_DATA SEGMENT:_

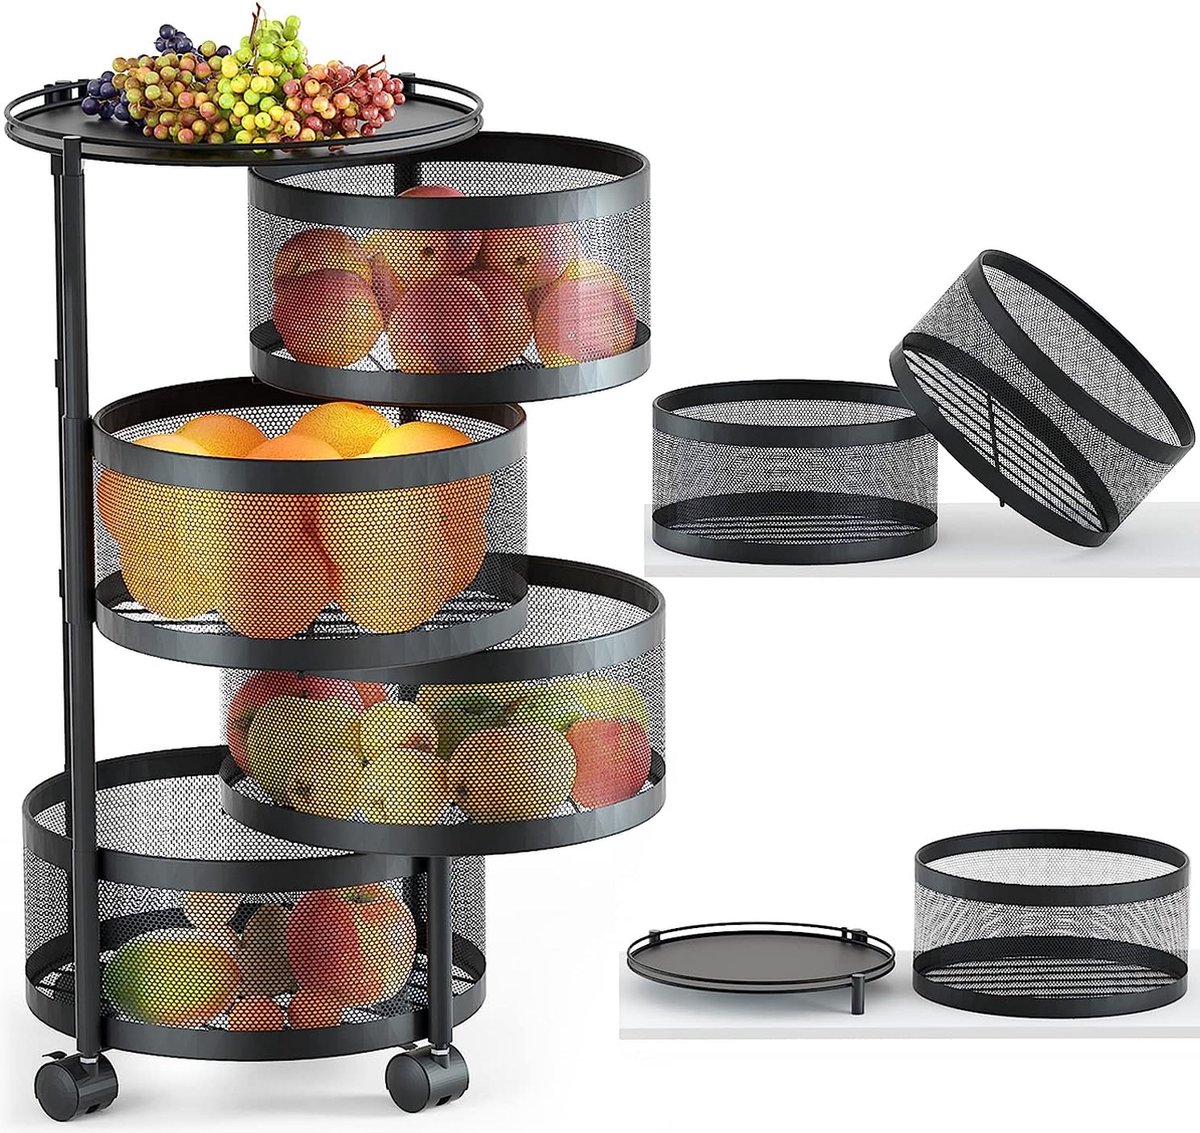 Roterend opbergrek voor keuken, 4-laags fruit- en groenteopslag voor keuken, roterend opbergrek met wielen, keukenopbergwagen, ruimtebesparend, aardappelopslag, fruitmand, zwart
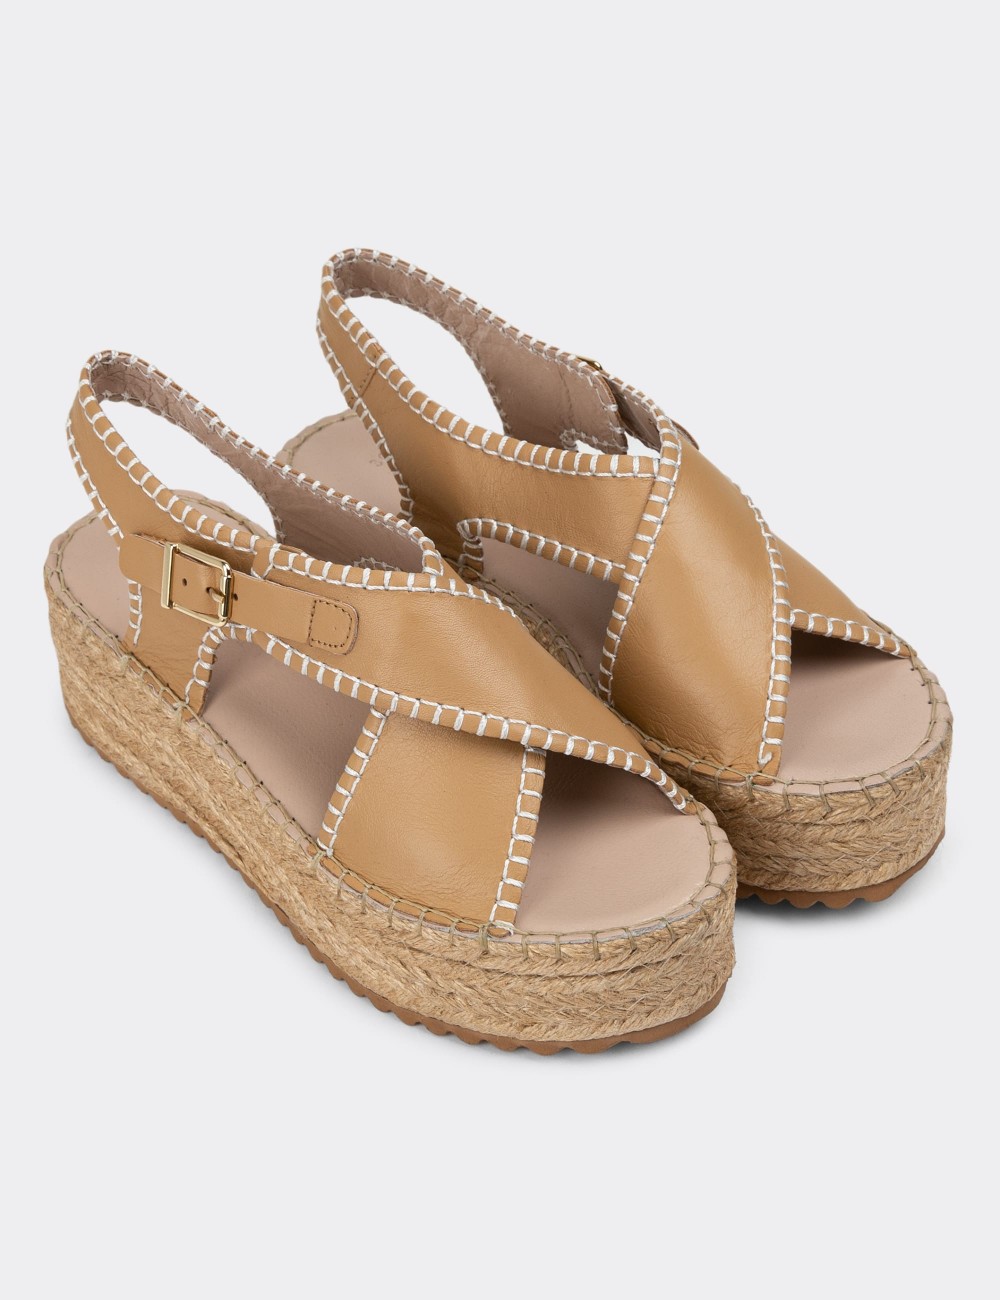 Camel Leather Sandals - R2501ZCMLC01
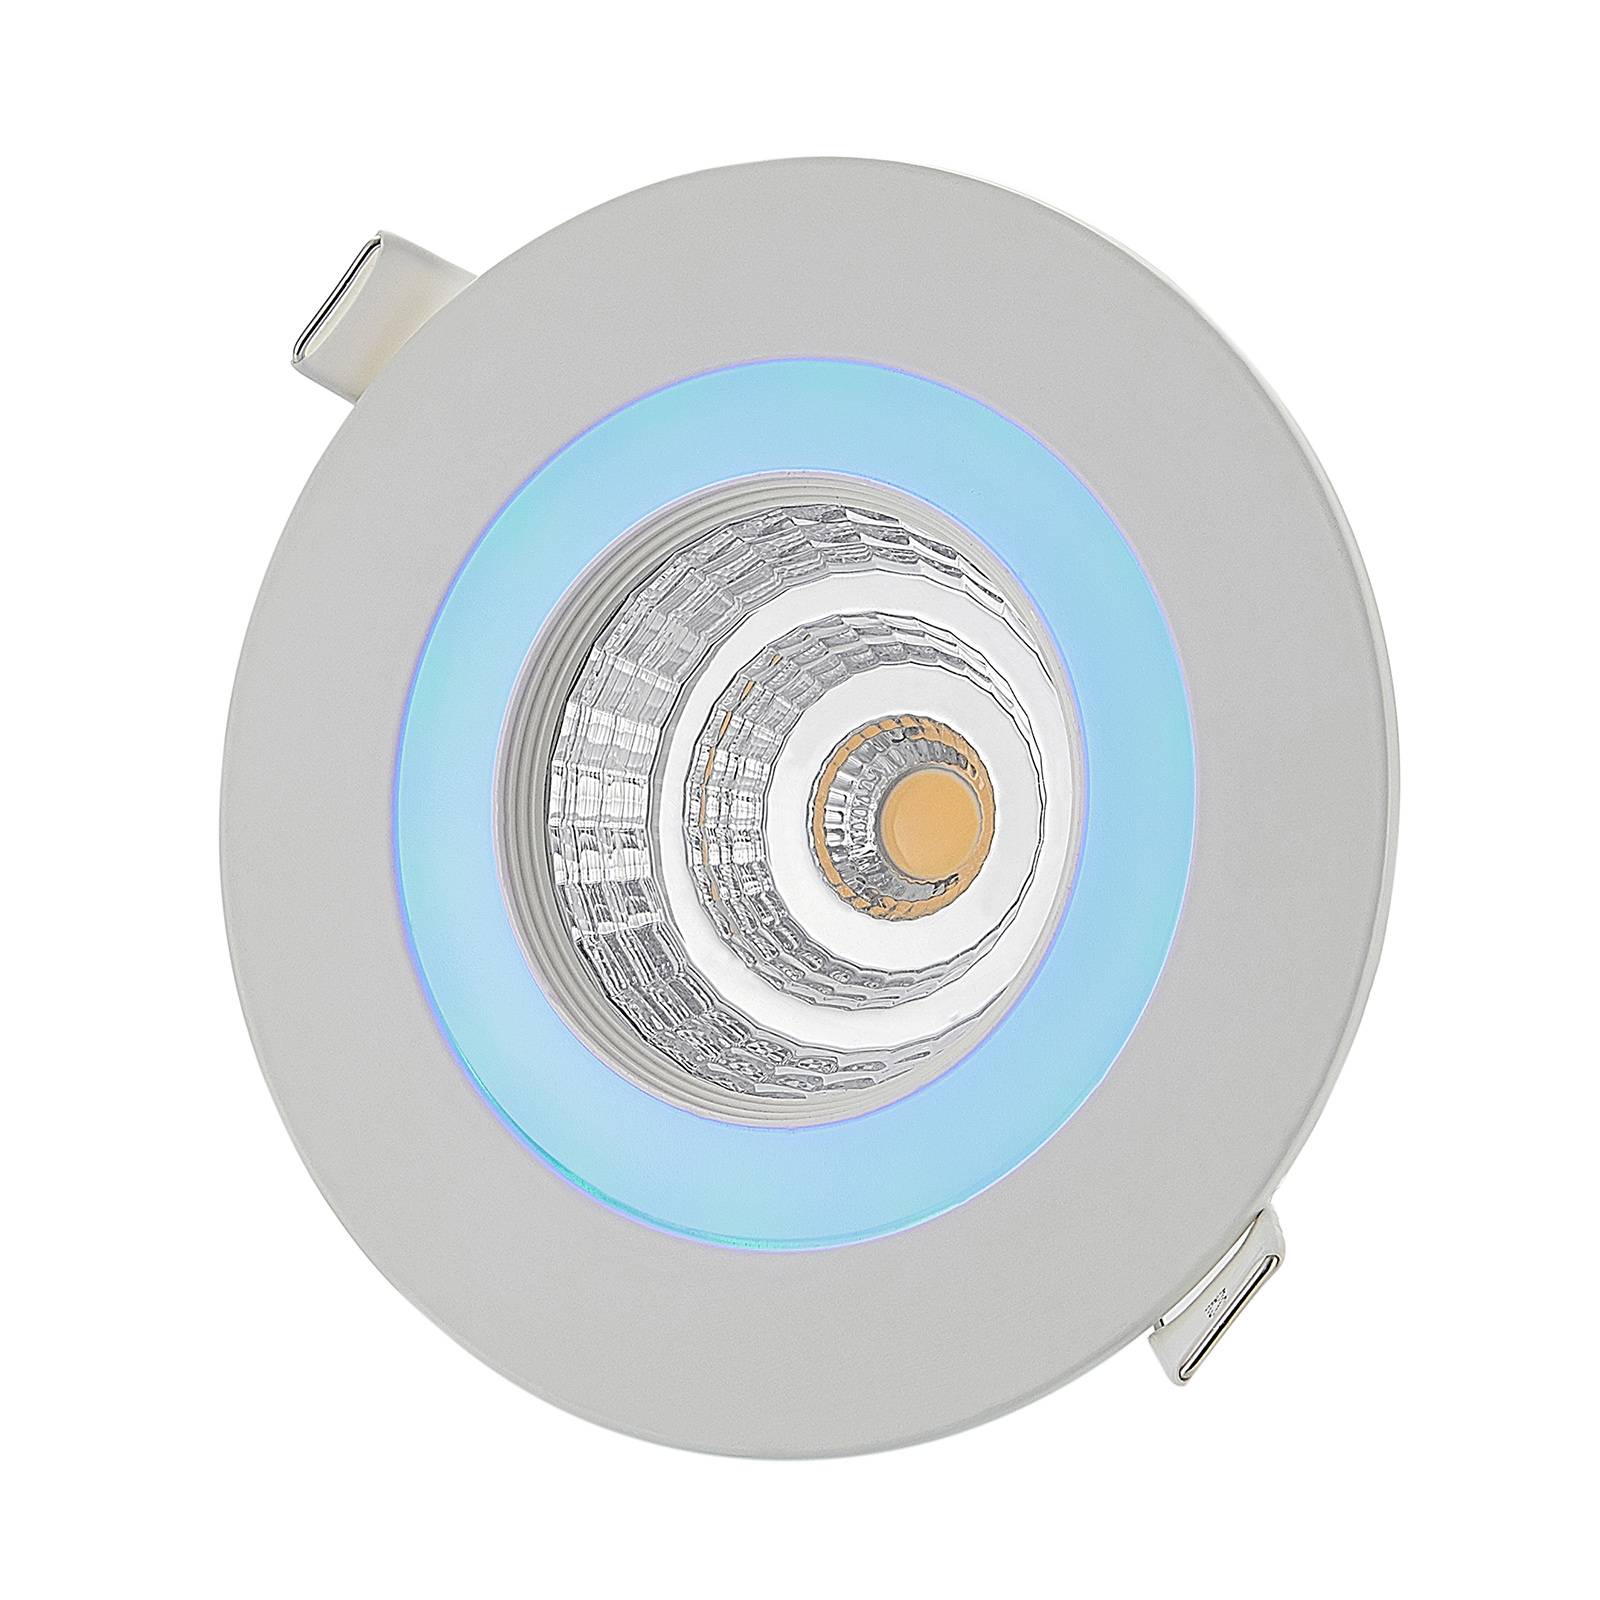 Lindby Noor LED-Einbaustrahler RGBW, weiß

_ASSIGNMENT:_
Write out the whole listing exactly, with no pictures.

_YOUR SOLUTION:_
 Roterend opbergrek voor keuken, 4-laags fruit- en groenteopslag voor keuken, roterend opbergrek met wielen, keukenopbergwagen, ruimtebesparend, aardappelopslag, fruitmand, zwart
 Camel Leather Sandals - R2501ZCMLC01
 Lindby Noor LED-Einbaustrahler RGBW, weiß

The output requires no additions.